[Q81 to Q90]

Q81 Joseph Johnson: Was it Parsons Brinckerhoff that encouraged the Highways Agency to have this inflated view of what it would cost? 
Graham Dalton: The shadow bid model, which is the one you are referring to-the numbers are in figure 6-was actually put together by PricewaterhouseCoopers as part of the cost model.

Q82 Mr Bacon: Isn't it amazing that you spend all this money on consultants-£80 million all together- and still get it so badly wrong? What does that say about your ability to buy advice? 
Graham Dalton: Can I just point out that we did have the maintenance report before? In the two and a half years that I have been in the agency, we have done quite a lot of work to improve the commercial management and estimating capability. Before, maintenance was actually on the major projects as well. The difference with this one is that we go out routinely. In 2008, we let three maintenance contracts, which are typically for five to seven-year terms. We have much better data about what those costs will be when we go and do the job.

Q83 Chair:  Do they all come in below your estimated costs?
Graham Dalton: The winning bids on two of the three, if I recall, were below by a small margin, and our estimate was typically around the second bid level-so a spread of bids around our estimate. The difference between this and the maintenance contracts that we've bid more routinely is that this is asking contractors to take a view over 30 years of what it's going to cost them to either maintain or renew the asset and the structures. Routinely, we just take a four or five-year look ahead, or get rates for the type of work, however much of that work comes up.

Q84 Ian Swales:  So was that a bad decision, to decide to do that, then? To go over 30 years? 
Graham Dalton: This is the nub of what this contract is really about. The widening is an important part of improving the service to road users, but we are effectively pre-buying maintenance and transferring the renewals of asset risk on to the contracting consortium. The competition that we got, where we got two very tight bids, two very close bids, was an ambitious view on what they could do to operate and, really, their view on when they were going to have to renew assets, or the amount of work they'd have to do over that time. That's where the real competition comes in.

Q85 Mrs McGuire: How did you judge whether or not they were taking a pessimistic view of what needed to be carried out over a 30-year contract, which would inflate the cost of the maintenance, or an optimistic view? How did you benchmark their analysis?
Graham Dalton:  Ginny Clarke was the chief highways engineer. I'll ask her to give the detail. 
Ginny Clarke: We gave them an indication of what maintenance we would expect in the normal five-year cycle, and part of the tender they returned to us was their indication of how they would renew the asset over that 30-year period.
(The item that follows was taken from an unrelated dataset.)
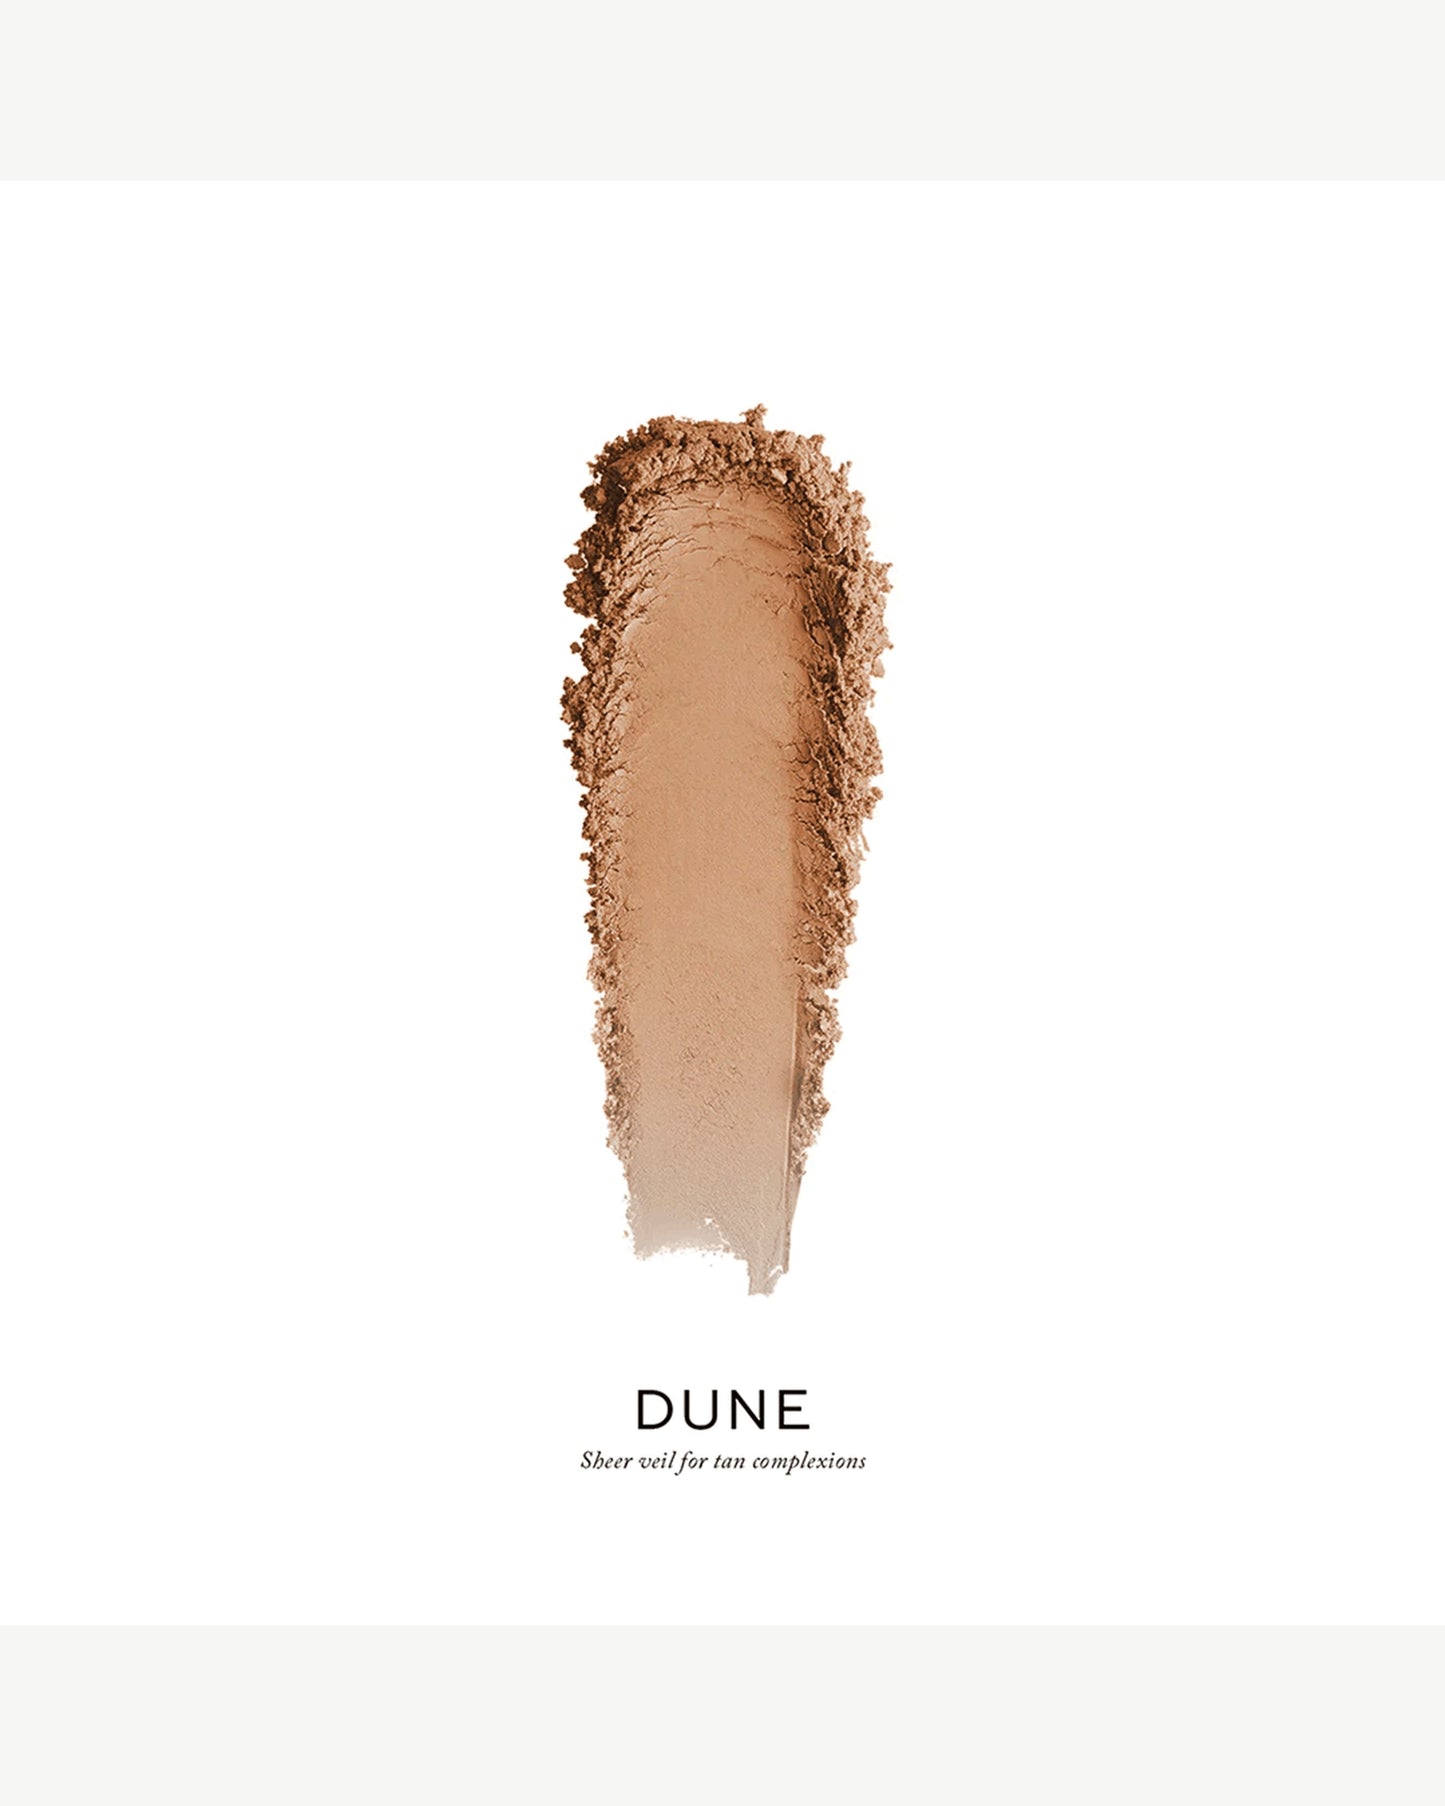 Dune (for medium-tan complexions)

So against the overall cost of operation maintenance they then told us an indicative basis on which they would renew the asset and maintain it. So we were able to make a judgment-whether they were actually underestimating, for instance, the sustainability of the road pavement, and when they would renew that. So that was part of the assessment of the tender and of the robustness of those bids.

Q86 Mrs McGuire: And they would build in a 30-year projection on construction inflation costs and so on into that?
Ginny Clarke: No. Effectively the cost model gave them high-level figures. What we asked them to do was understand the techniques they were going to use, rather than the cost of those-because the cost is the total cost; what we wanted to understand was what sort of work would they be doing. Would it be similar to the sort of things we might project over that period of time?
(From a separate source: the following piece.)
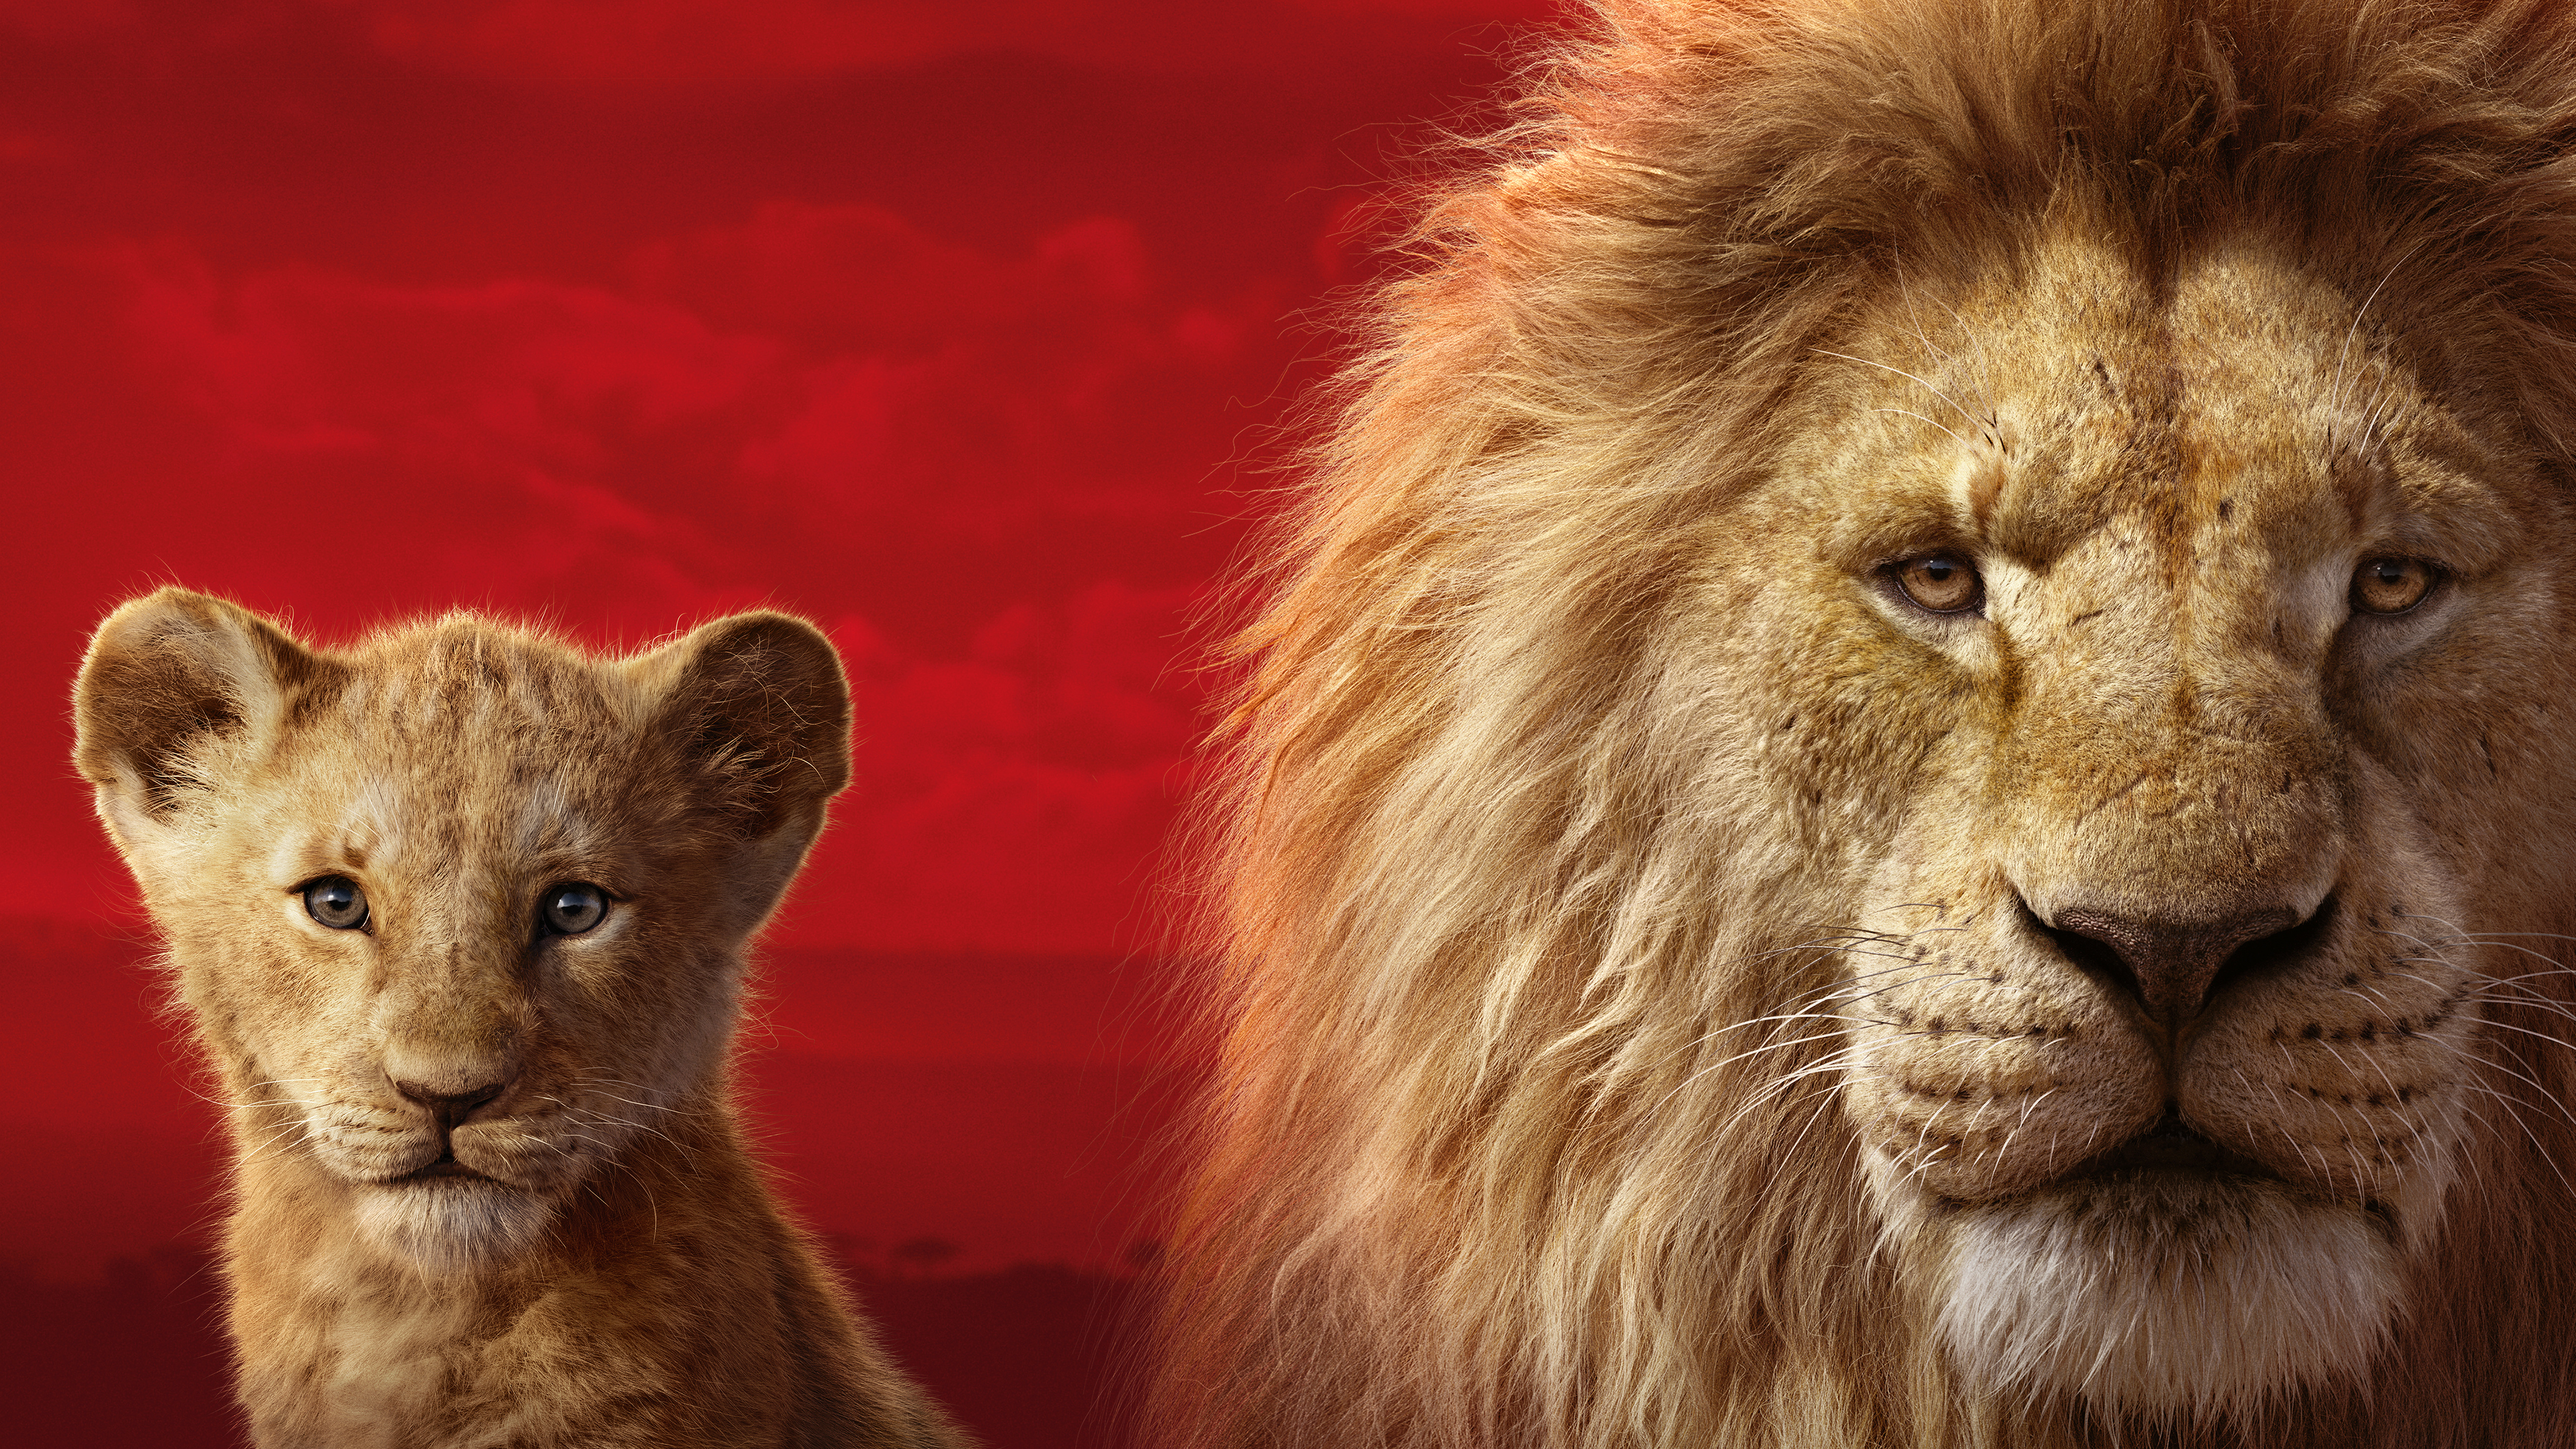 the lion king (2019), movie, simba

Q87 Mrs McGuire:  Why did you go for the 30 years, which obviously you had little experience of, as against your normal projection of five or even 10 years? Thirty years, in terms of coming up with a figure for a highway, just strikes me as a little lengthy. I can understand it in terms of a building or something, but I don't quite understand why you would want to do it 30 years.
Ginny Clarke: Actually we had done our previous design, build finance and operate schemes on 30 years.

Q88 Mrs McGuire:  So you weren't new at this game.
Ginny Clarke: No. They are now 10 or 12 years old, now, the first ones, so we have some understanding about how, over the period of time, the DBFO actually enacts those plans. Rather than the theory of it, what do they actually do in practice? That's the basis on which we did, again, a 30 year. It's also in relation to the financial model-

Q89 Chair: But you got it horribly wrong. So what have you learned? You got it wrong. You know you were out by between, whatever it is-I've lost the figures now-27% to 43%. Or 48%? I cannot read my own writing. You got it horribly, horribly wrong. 
I'll tell you what it just makes me think. If any contractor came in, they came in lower. We haven't a clue whether at their lower price actually we're getting value for money.
Graham Dalton: Well you could look at it the other way and say that's actually the power of the competition and three strong bids coming in-

Q90 Chair: No, because we can have no confidence in your advice or your advisers' advice as to what is a real value-for-money figure for maintaining this bit of the M25 for 30 years. We just haven't got a clue-and no confidence, given your track record in failing to understand the real cost of it.
Graham Dalton: Well, the estimates came in very competitively. I think it's a good thing that they came in competitively. The thing we had to do is to really make sure that the assumptions that have been made in those bids and those tenders were actually bids that the contractor was going to be able to live with.